There are several key limitations of ResearchKit including concerns regarding accessibility both in terms of who is able to develop ResearchKit apps and who is able to access apps. Unless one has significant personal knowledge of app development and coding, those interested in utilizing ResearchKit will likely need support from software developers. For those with limited resources, it may be possible to utilize undergraduate or graduate students studying software design to reduce costs. Despite the intent of ResearchKit to increase diversity in medical research participation through population based recruitment, participants continue to be primarily young, white, and male. The high cost of Apple products may also influence who has access to ResearchKit-developed apps, resulting in potentially skewed research and an exacerbation of health disparity gaps. Given the open nature of the framework, it is possible for developers to create ResearchKit applications for Android devices, however, this represents a very small percentage of content creation.


ResearchKit is a relatively new tool developed by Apple that supports the development of apps designed specifically for clinical research. It includes templates for developing consent forms, content design, and guidance on maximizing the iPhone’s built in sensors to collect action oriented data. Since its inception, it has facilitated the development of a wide range of apps that may be relevant for health psychologists including hepatitis C, COPD, depression, cancer-related PTSD, and more. However, there continues to be a significant opportunity for further development of behavioral health oriented apps in which health psychologists can lend content expertise.


Apple (2018). ResearchKit. Retrieved from

Bot, B. M., Suver, C., Neto, E. C., Kellen, M. Klein, A., Trister, A. D. (2016). The mPower study, parkinson disease mobile data collected using ResearchKit. Scientific Data, 3(3). doi: 10.1038/sdata.2016.11.

Langarizadeh, M., Tabatabei, M.S., Tavakol, K., Naghipour, M., Rostami, A., & Moghbeli, F. (2017). Telemental health care, an effective alternative to conventional mental care: A systematic review. Acta Inform Med, 25(4), 240-246. doi: 10.5455/aim.2017.25.240-246.
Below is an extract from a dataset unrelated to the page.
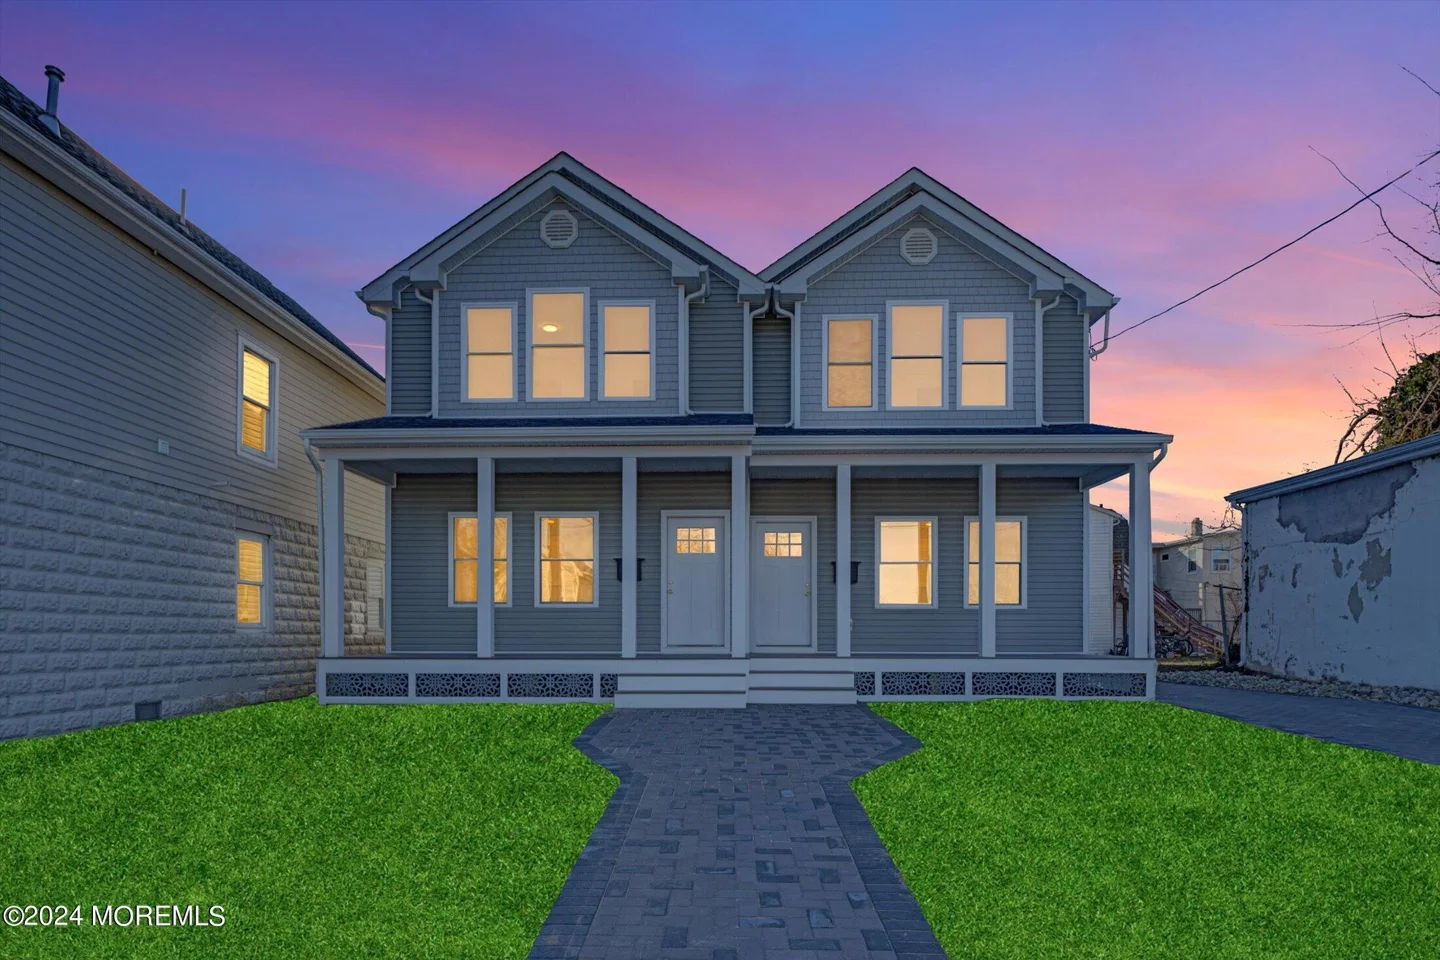 New Two family home in Asbury Park!

Pereira-Salgado, A., Westwood, J. A., Russel, L., Ugalde, A., Ortlepp, B…Schofield, P. (2017). Mobile health intervention to increase oral cancer therapy adherence in patients with chronic myeloid leukemia (the REMIND system): Clinical feasibility and acceptability assessment. Journal of Medical Internet Research mHealth and uHealth, 5(12), e184. doi: 10.2196/mhealth.8349.

Smith, A. (2017, January 12). Record shares of Americans now own smartphones, have home broadband. Pew Research Center. Retrieved from:

Zens, M., Woias, P., Suedkamp, N. P., Niemeyer, P. (2017). “Back on track”: A mobile app observational study using Apple’s ResearchKit framework. JMIR Mhealth Uhealth, 5(2), e23. doi: 10.2196/mhealth.6259.